Collected data:
• • •

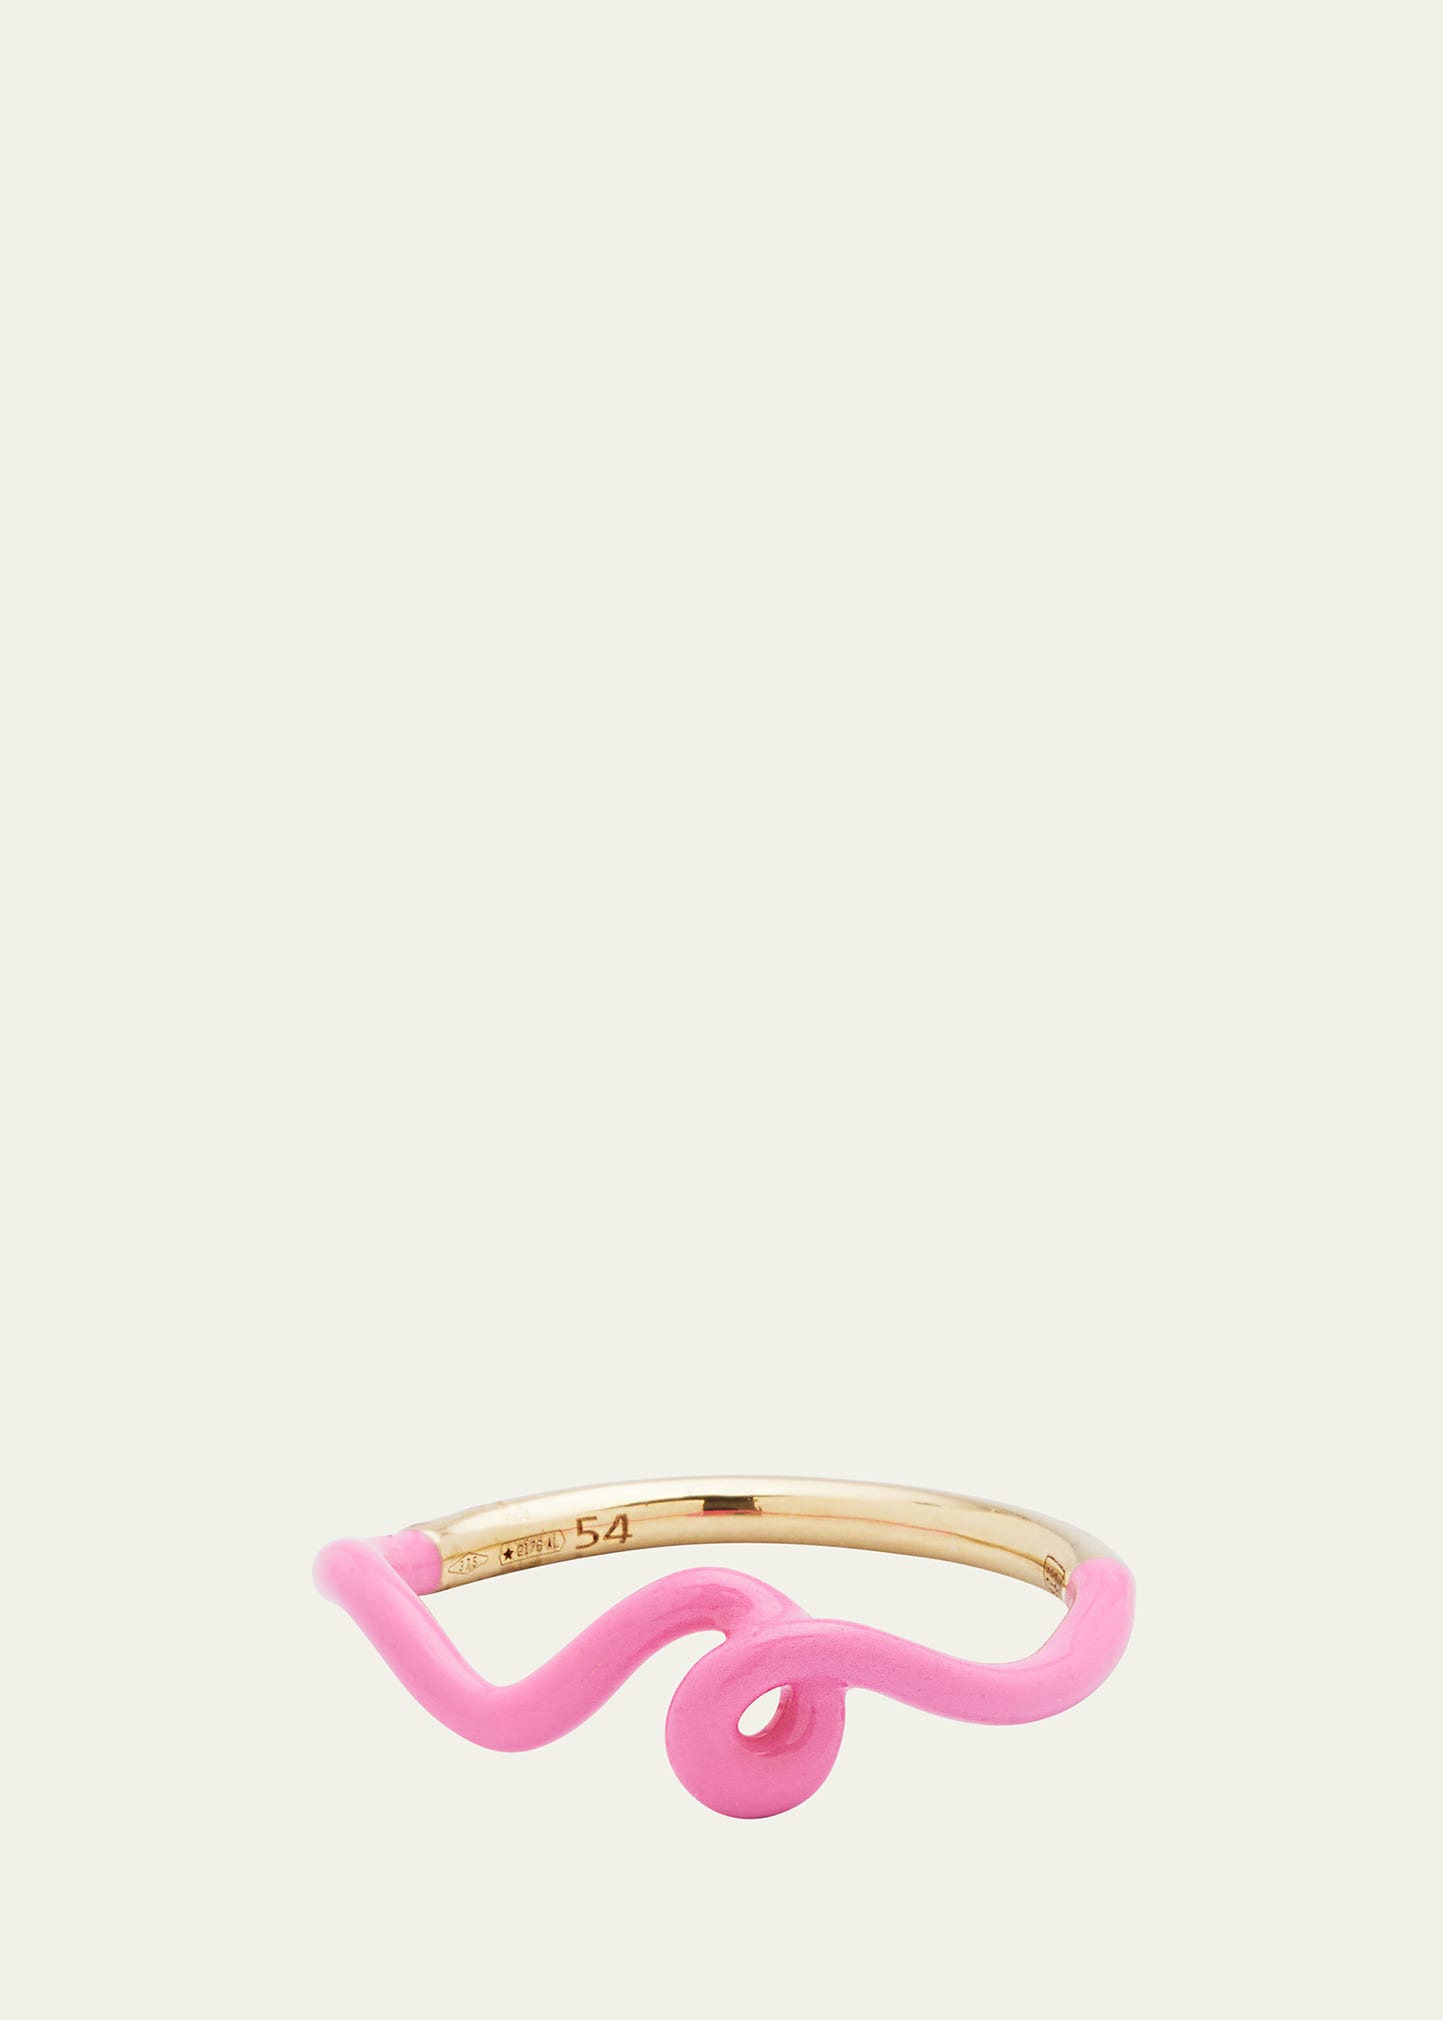 Bea Bongiasca Wow Mini Mono Ring with Bubblegum Pink Enamel
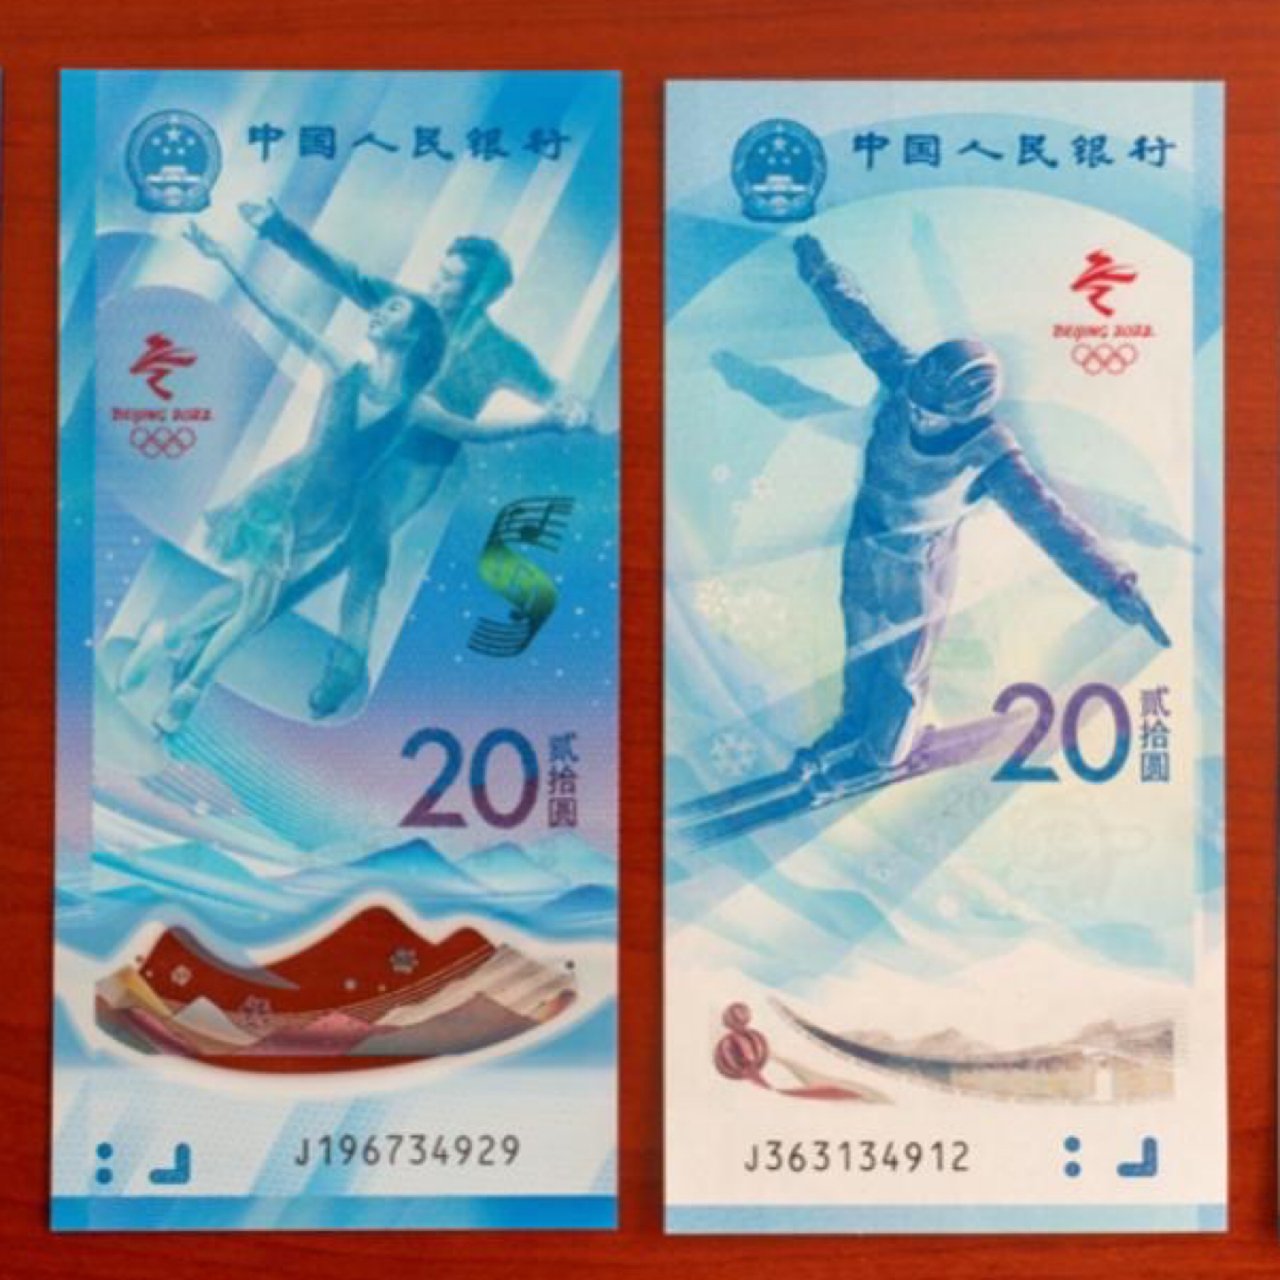 北京冬奥的另一款“大热周边”——
“冬奥...
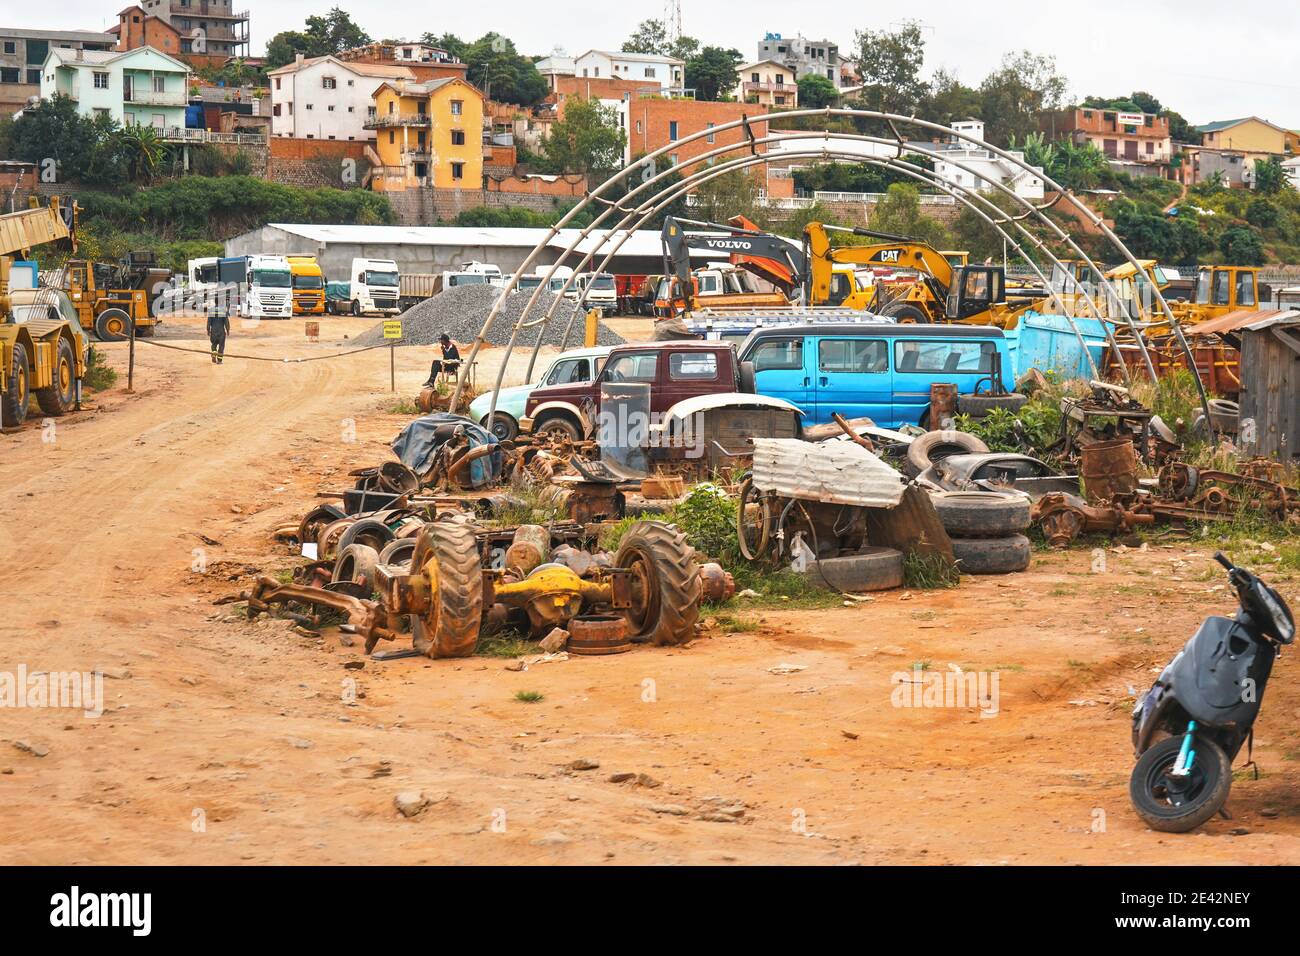 Antananarivo, Madagascar - 24 avril 2019 : diverses pièces d'automobiles sur terre de poussière rouge de petit cimetière près de la route principale, des camions et des véhicules de construction Banque D'Images
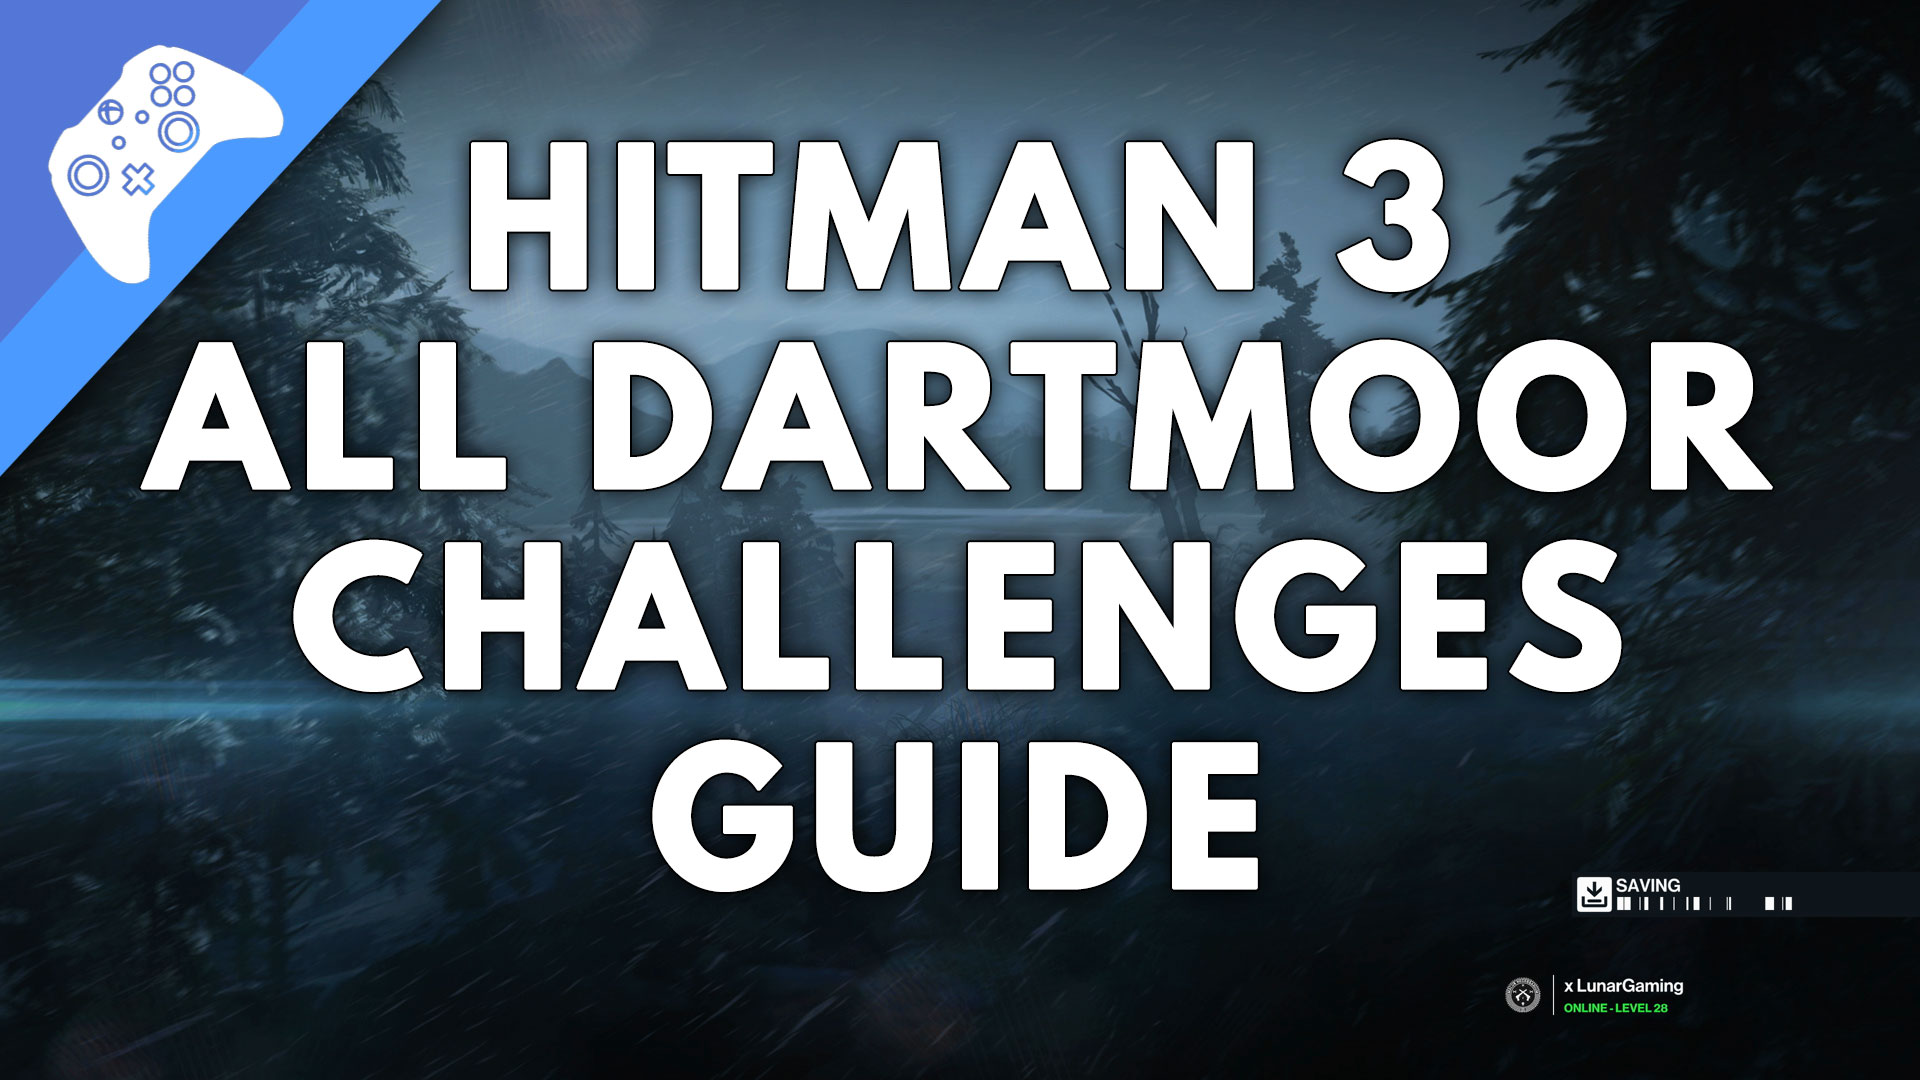 Dartmoor Challenges
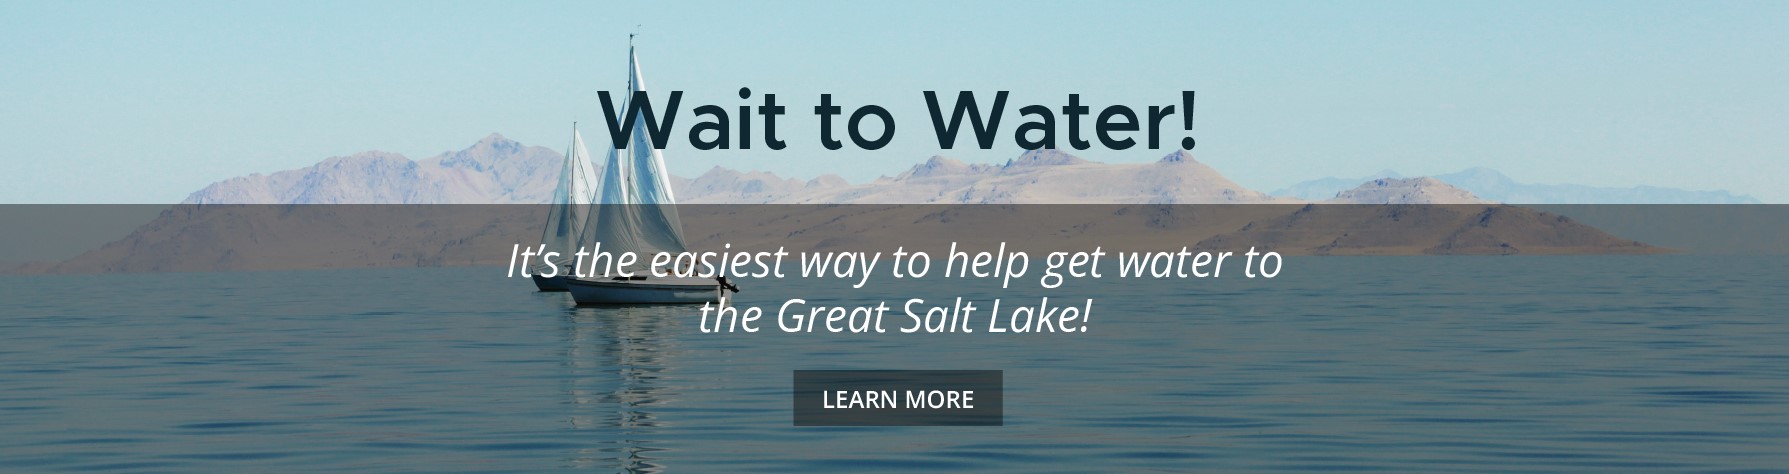 Wait to Water Great Salt Lake

• • •

EXERCISE DETAILS: Return the records above exactly, without the pictures.

OUTPUT FOR THIS TASK:
 Bea Bongiasca Wow Mini Mono Ring with Bubblegum Pink Enamel
 北京冬奥的另一款“大热周边”——
“冬奥...
 Antananarivo, Madagascar - 24 avril 2019 : diverses pièces d'automobiles sur terre de poussière rouge de petit cimetière près de la route principale, des camions et des véhicules de construction Banque D'Images
 Dartmoor Challenges
 Wait to Water Great Salt Lake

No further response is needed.